== Segment start ==
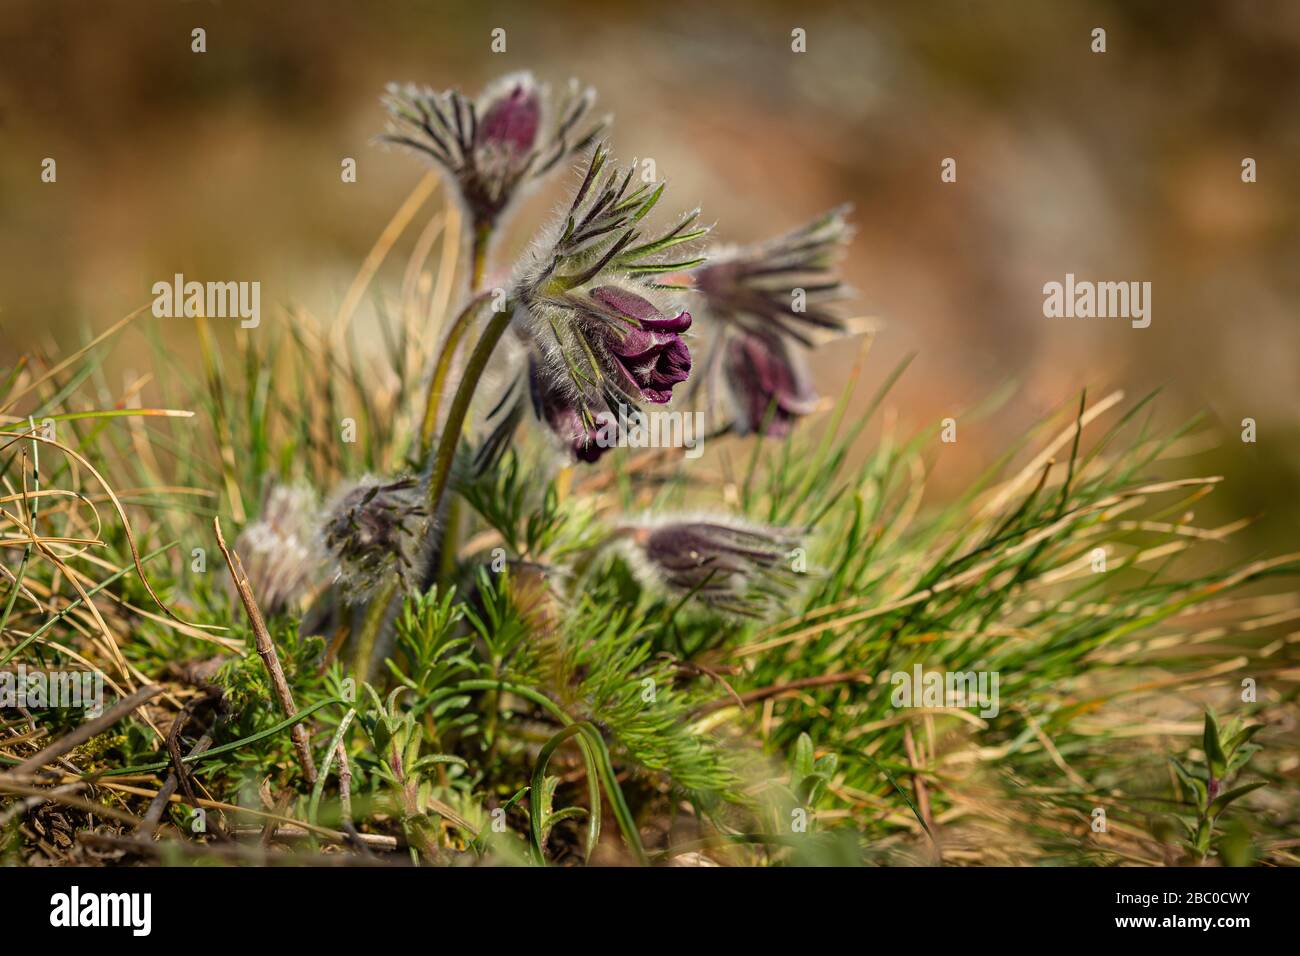 Clump of beautiful wind flowers, meadow anemone, pasque flowers with dark purple cup like flower and hairy stalk growing in meadow on a spring day. Stock Photo
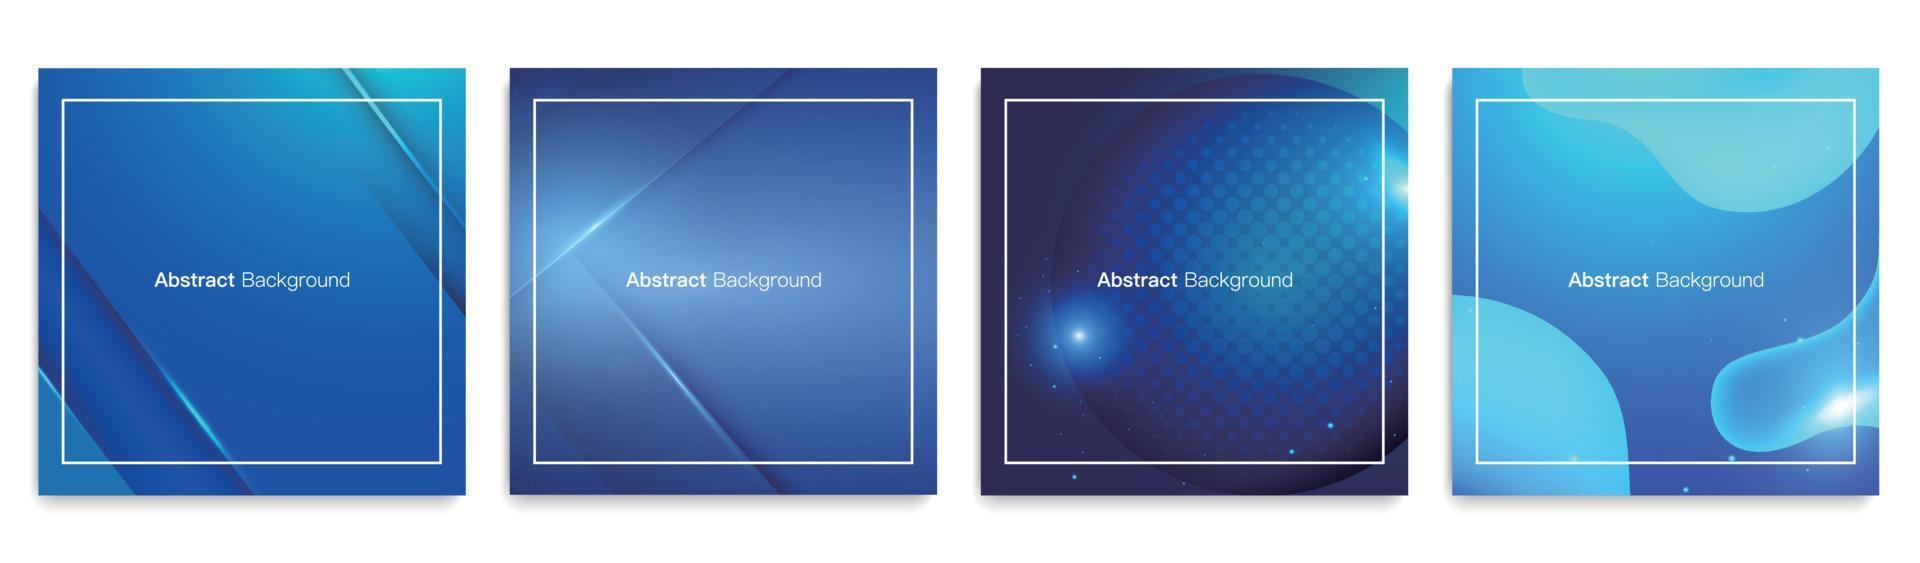 Abstract blue luxury background vector illustration set
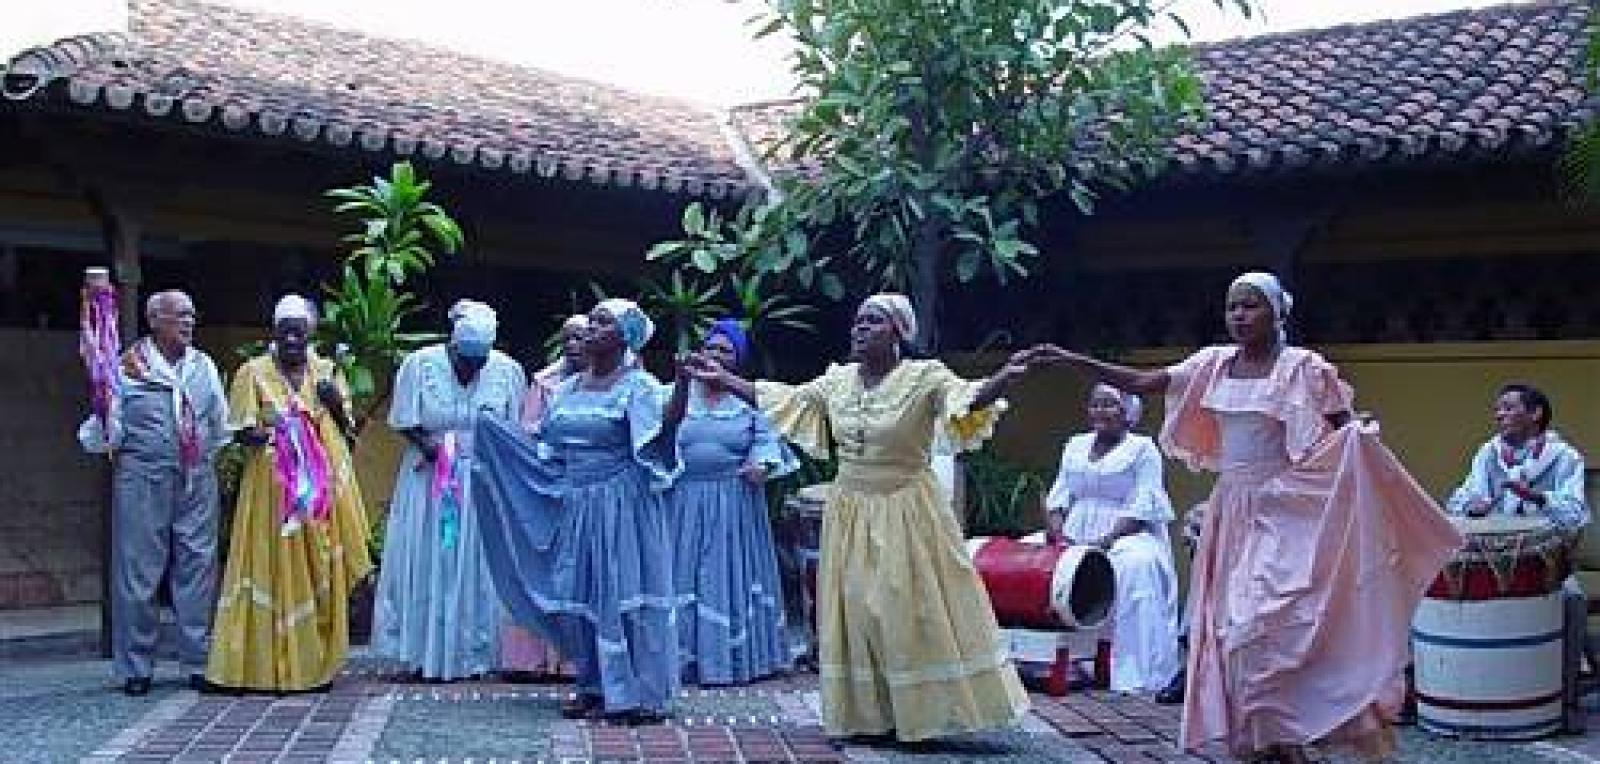 The French tumba in Cuban culture
== Segment end ==
*Task description*: For this exercise, return the data above exactly and leave every picture out.

*Response to the exercise*:
 Clump of beautiful wind flowers, meadow anemone, pasque flowers with dark purple cup like flower and hairy stalk growing in meadow on a spring day. Stock Photo
 Abstract blue luxury background vector illustration set
 The French tumba in Cuban culture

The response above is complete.